WHAT THE TASK REQUIRES: Read through the listing below and copy each line in which the word "nbsp" occurs.

THE RECORDS:

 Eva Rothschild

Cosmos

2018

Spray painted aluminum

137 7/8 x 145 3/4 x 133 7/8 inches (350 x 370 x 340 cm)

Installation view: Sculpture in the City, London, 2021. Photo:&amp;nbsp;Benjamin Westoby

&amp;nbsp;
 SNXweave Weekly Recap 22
...
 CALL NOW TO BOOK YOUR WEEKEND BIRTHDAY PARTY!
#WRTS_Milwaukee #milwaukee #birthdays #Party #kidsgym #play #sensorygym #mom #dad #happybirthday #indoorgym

TASK SOLUTION:
Installation view: Sculpture in the City, London, 2021. Photo:&amp;nbsp;Benjamin Westoby
&amp;nbsp;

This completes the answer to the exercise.